The standard specifies a multi-layer architecture: the detector front-end produces digitised energy and timing information for each gamma interaction; the data concentrator aggregates channels and performs coincidence sorting; and the host interface streams list-mode data to the reconstruction server. The table below summarises the critical parameters.
| Parameter | Requirement | Typical Implementation |
|---|---|---|
| Energy resolution (FWHM @ 511 keV) | ≤ 15 % | LYSO + SiPM: 8–12 % |
| Timing resolution (coincidence) | ≤ 10 ns (conventional), ≤ 1 ns (TOF) | SiPM + fast CFD: 300–600 ps TOF |
| Single-channel count rate | ≥ 1 Mcps per channel | Multi-voltage threshold (MVT) readout |
| Data throughput (per DAQ link) | ≥ 2 Gbps | Gigabit Ethernet or PCIe Gen 2 |
| Coincidence window jitter | ≤ 100 ps RMS | FPGA-based TDC with PLL |
| Dead time per event | ≤ 100 ns | Pipeline ADC + FPGA processing |
| Data format | List-mode with energy, timestamp, channel ID | Custom 64-bit event word |
To achieve the sub-nanosecond timing resolution required by TOF-PET, IEC 63047-compliant systems typically employ FPGA-based tapped delay line TDCs with a bin size of 10–20 ps. The tapped delay line uses the intrinsic propagation delay of logic cells to create a fine time stamp; a coarse counter running at the system clock provides the absolute time reference.

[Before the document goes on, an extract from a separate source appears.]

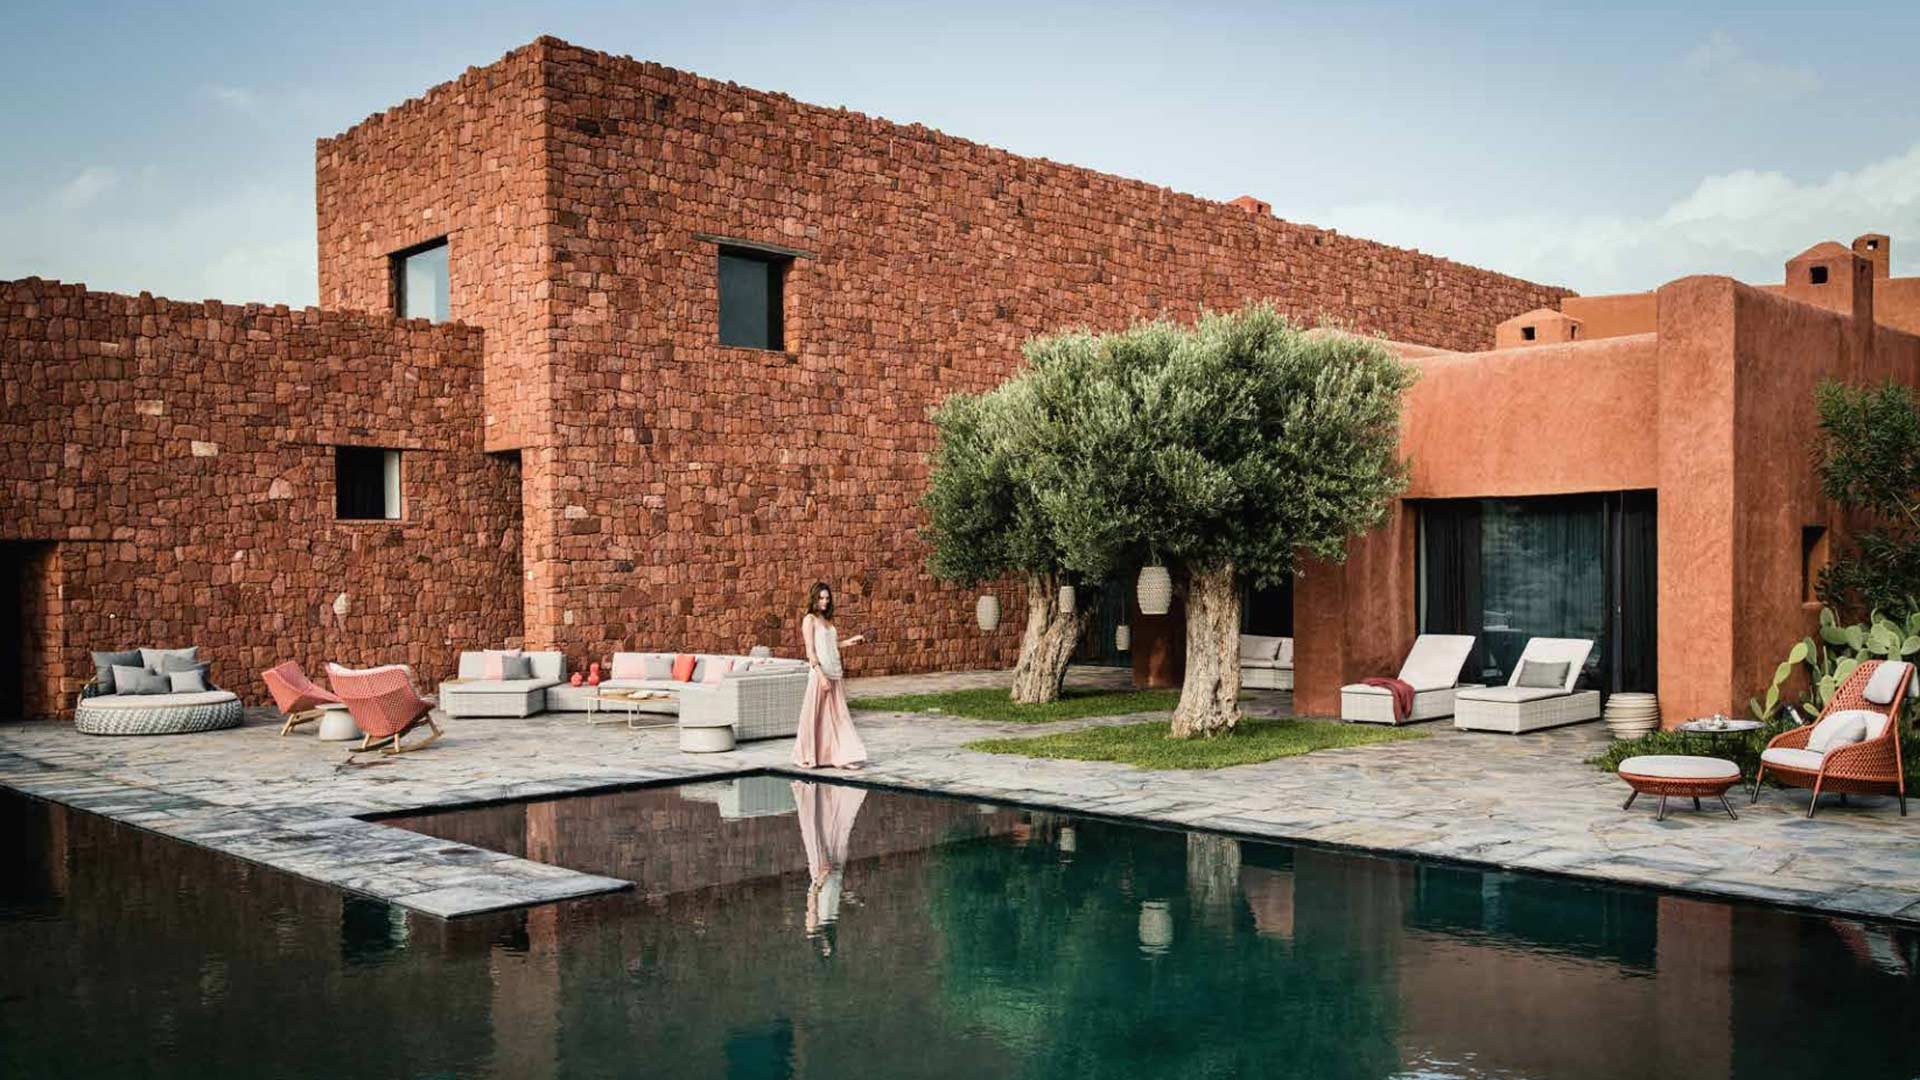 Villa E - Villa rental in Marrakech, Ourika | Villanovo

Interpolation between taps using a phase-locked loop (PLL) can further improve precision to below 10 ps RMS, though at the cost of increased power consumption.

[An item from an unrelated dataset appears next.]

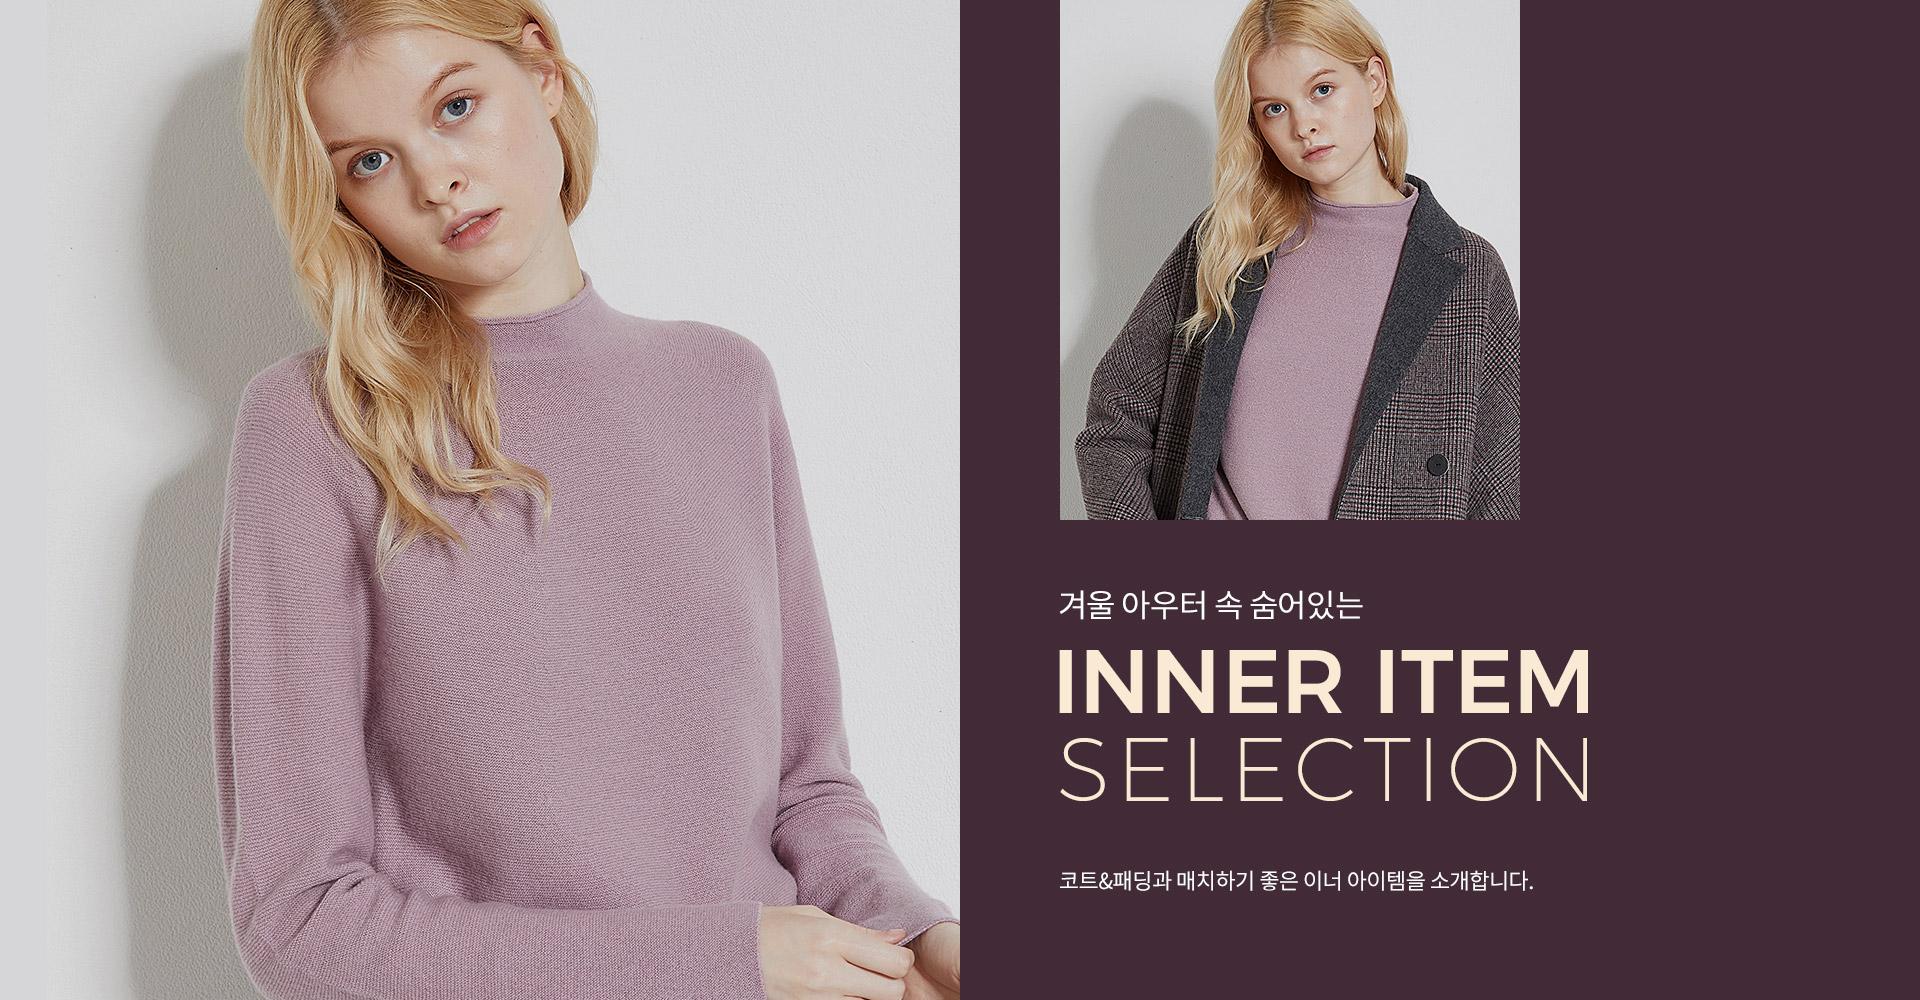 겨울아우터 속 숨어있는 inner item selection 코트 & 패딩과 매치하기 좋은 이너 아이템을 소개합니다.

The standard mandates that each detected event be assigned an energy value — typically derived from the integral of the scintillation pulse over a 200–400 ns gate. A lower-level discriminator (LLD) at approximately 350 keV and an upper-level discriminator (ULD) at approximately 650 keV reject Compton-scattered photons and random coincidences. Modern digital approaches replace analogue CFD with digital constant-fraction discrimination implemented in FPGA logic, offering greater stability and temperature insensitivity.
IEC 63047 directly enables the development of next-generation PET systems with higher sensitivity, better spatial resolution, and lower patient dose. The standard’s emphasis on list-mode data output supports flexible reconstruction algorithms including time-of-flight (TOF) and point-spread function (PSF) modelling. Emerging trends such as total-body PET (with up to 200 cm axial field of view) and real-time motion correction place even greater demands on the DAQ architecture — requiring channel counts exceeding 500,000 and aggregate data rates above 100 Gbps.